It’s hard to believe that my favourite flowers, Dianthus superbus (aka Pinks) belong to the same family of flowers as the pink carnations that I’ve had on my dining room table for almost a month. Sometimes I have to touch them just to make sure they are real!
Why is it that we are intent on hybridizing plants so that they will bloom endlessly? In the process of creating these long-lived flowers, we often sacrifice the very qualities such as fragrance, which gives the flower its charm.
The Pinks (pictured above in my front flowerbed, summer, 2006) have the most beautiful and haunting scent of any flower I’ve encountered. The flowers are exquisite, with airy, delicately-feathered blooms in white, lavender and pale pinks. The Japanese name for this plant, Nadesiko, which means ‘pretty girl’, is an apt one.
I first happened upon this plant, about ten years’ ago, at an out-of-the-way plant vendor’s stall in Ottawa’s Byward Market. I would have overlooked it, except that a vase of its stunning flowers caught my eye. It was truly love at first sight and scent.

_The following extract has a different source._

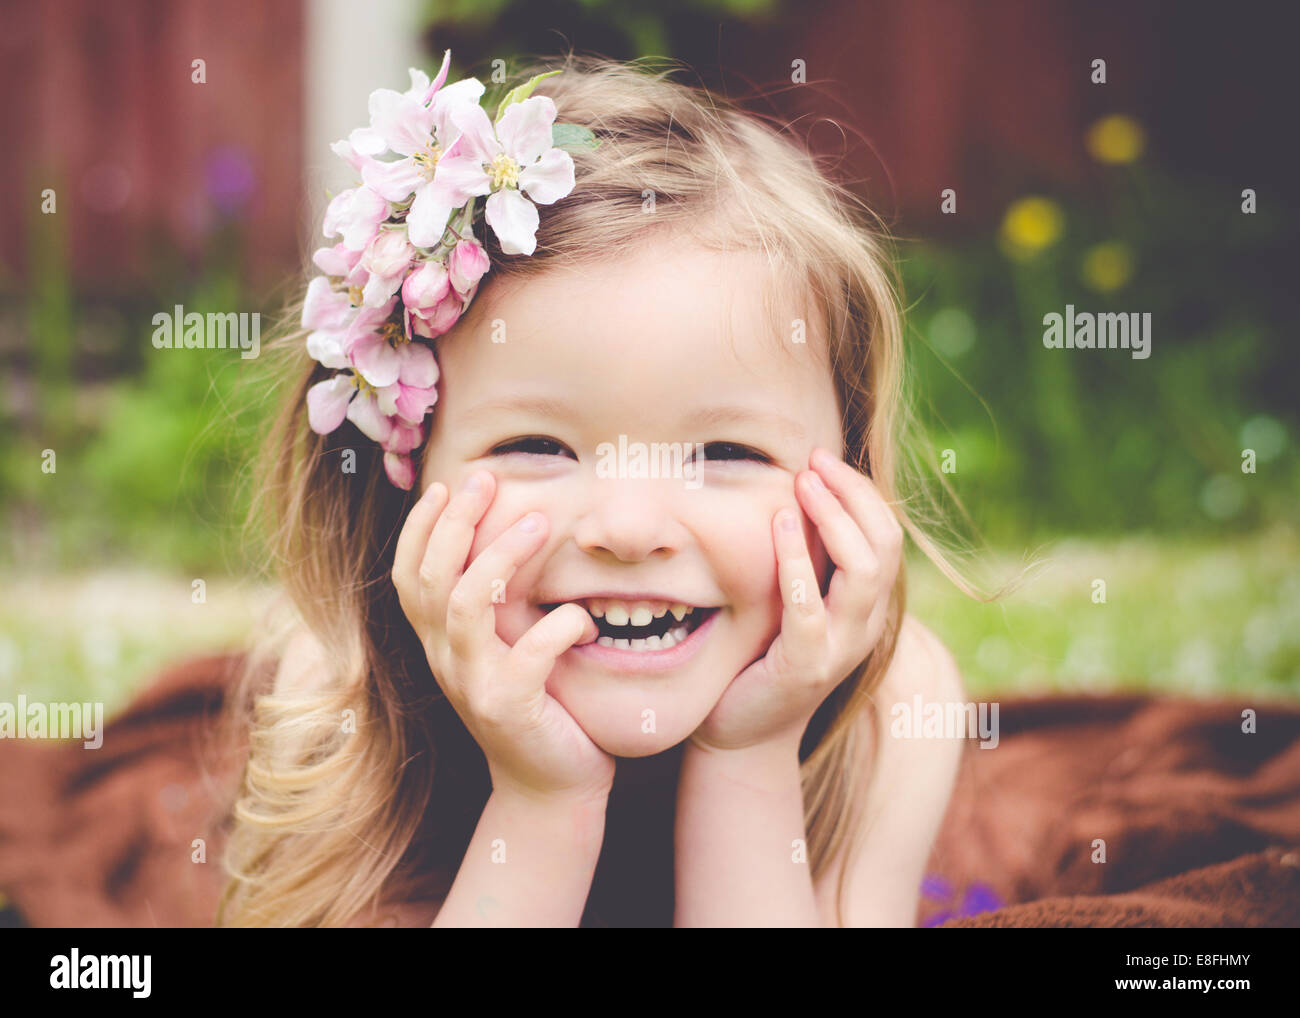 Portrait of a girl laughing Stock Photo

I grew this plant in my front flower garden and on warm summer nights would drift off to sleep with the flowers’ scent wafting through the open second-floor bedroom window. Over the years, I have searched high and low for this plant. Luckily seeds are available through Thompson & Morgan and are easy to grow. I am baffled though, by how rarely this particular Pink, Dianthus superbus, is grown in North America.
I imagine, though, we will continue to see the development of ever longer-flowering and more oddly-coloured, genetically-modified Pinks (which we are assured can only theoretically hybridize with other Pinks). Meanwhile, I think I’ll be content to enjoy growing Dianthus superbus and simply enjoy it for the time it is in bloom.